University of Detroit Mercy’s Dan Pitera was named winner of the 2018 American Institute of Architects’ Detroit Chapter’s Charles Blessing Award. Pitera is executive director of Detroit Mercy’s Detroit Collaborative Design Center (DCDC).
This prestigious award is given to recognize an individual who shows leadership in planning and civic issues and exemplifies the vision, commitment and the accomplishments of Charles A. Blessing, FAIA, the visionary Detroit city planner, architect, engineer and educator who committed himself to the pursuit of a higher quality of life for all.
Pitera’s work in the Detroit community has had a tremendous impact on the City’s resurgence, on the northwest Detroit community that Detroit Mercy calls home, and is one reason Detroit is considered to be a national model for community redevelopment efforts.

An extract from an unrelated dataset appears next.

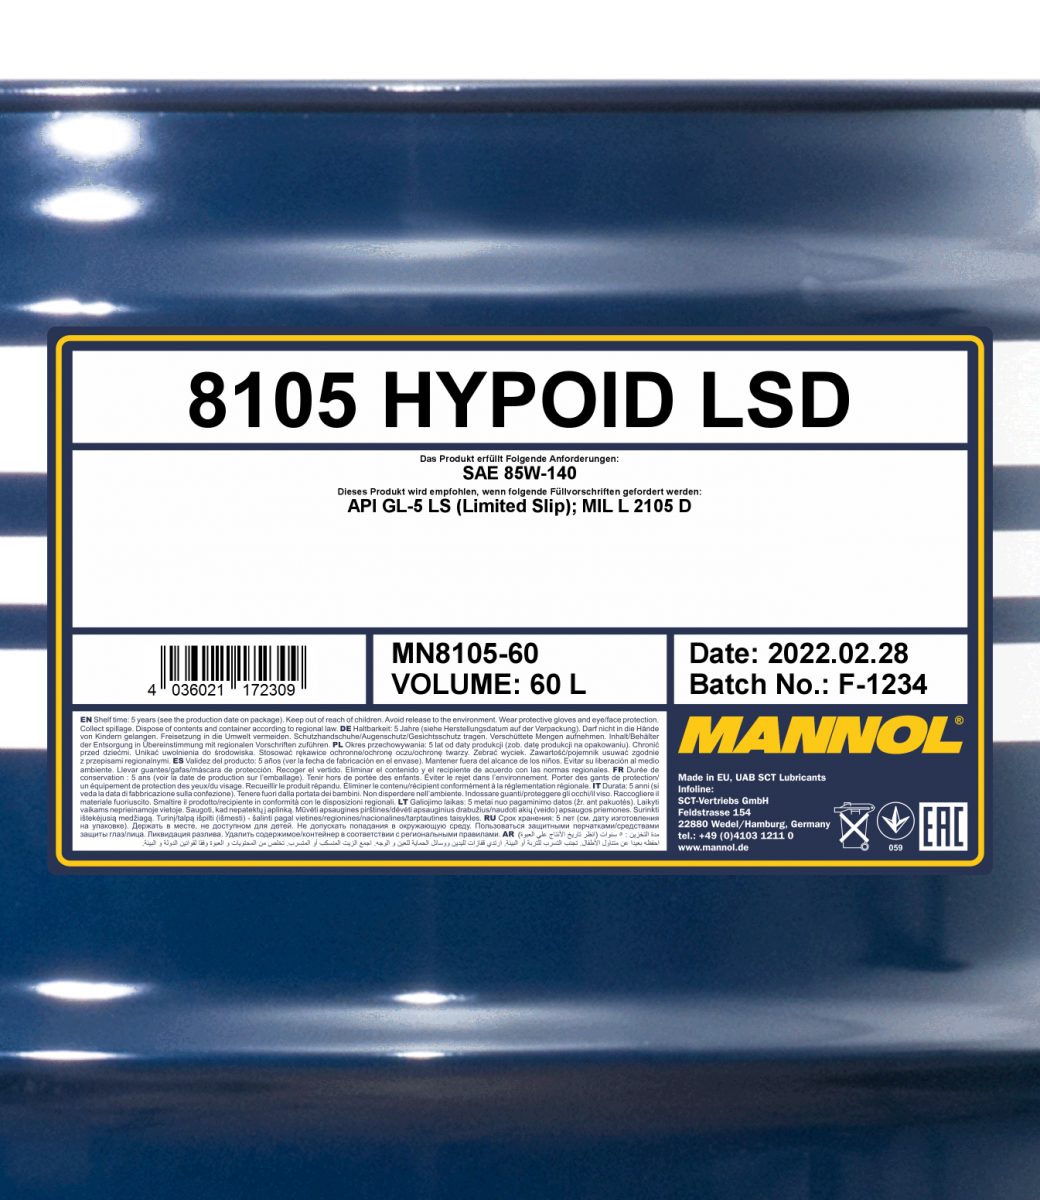 85W-140 Mannol 8105 Hypoid LSD GL-5 LS Getriebeöl 60 Liter

“As a city thinks about community development, it is important to connect neighborhoods and neighborhood spaces to the people who live, work, play, learn and worship there,” Pitera said. “With this in mind, well-designed neighborhoods and neighborhood spaces are not just for some people, they are for all people. Beautiful and inspiring places are not superficial things. They are an essential human need. They nurture and develop the people who engaged them.”
Will Wittig, dean of the University’s School of Architecture, believes Pitera is the right selection for this year’s award, given his dedication to students and the community through a work ethic characterized as unrelenting.
“We are very pleased to see professor Pitera receive this prestigious and well deserved recognition,” Wittig said. “His leadership has been instrumental in the positive evolution of the city over the past two decades. Through his work with the Detroit Collaborative Design Center and our students at the School of Architecture, he has changed the way development happens in the city as the embodiment of our concept of co-authorship with the community.”
Pitera is a political and social activist who claims to masquerade as an architect. He is the executive director of the Detroit Collaborative Design Center (DCDC) at the University of Detroit Mercy School of Architecture, which received National AIA’s 2017 Whitney M. Young Jr. Award and was included in the 2017 Curry Stone Design Award’s Social Design Circle. Pitera also co-led the Civic Engagement process for the Detroit Works Project Long Term Planning in 2010.
In addition to Pitera’s honor, two School of Architecture graduates will receive awards. Samantha Szeszulski ’16 will receive the AIA Detroit Associate Award. She an architectural designer at Stantec Detroit and earned her master of Architecture from Detroit Mercy. She is also the current AIA Michigan associate director and sits on the AIA National Associates Committee.
Dean Zoyes ’94 also won the Honorary Affiliate Award. He is vice president of the Zoyes Creative Group and has more than 20 years of experience providing creative design solutions and communications for industry professionals throughout Metro Detroit and the U.S.
Winners of this year’s awards will be honored at the 2018 Celebration of Architecture, which takes place on Sept. 20, at Eastern Market’s Shed 3. Early Bird tickets are on sale until Sept. 1.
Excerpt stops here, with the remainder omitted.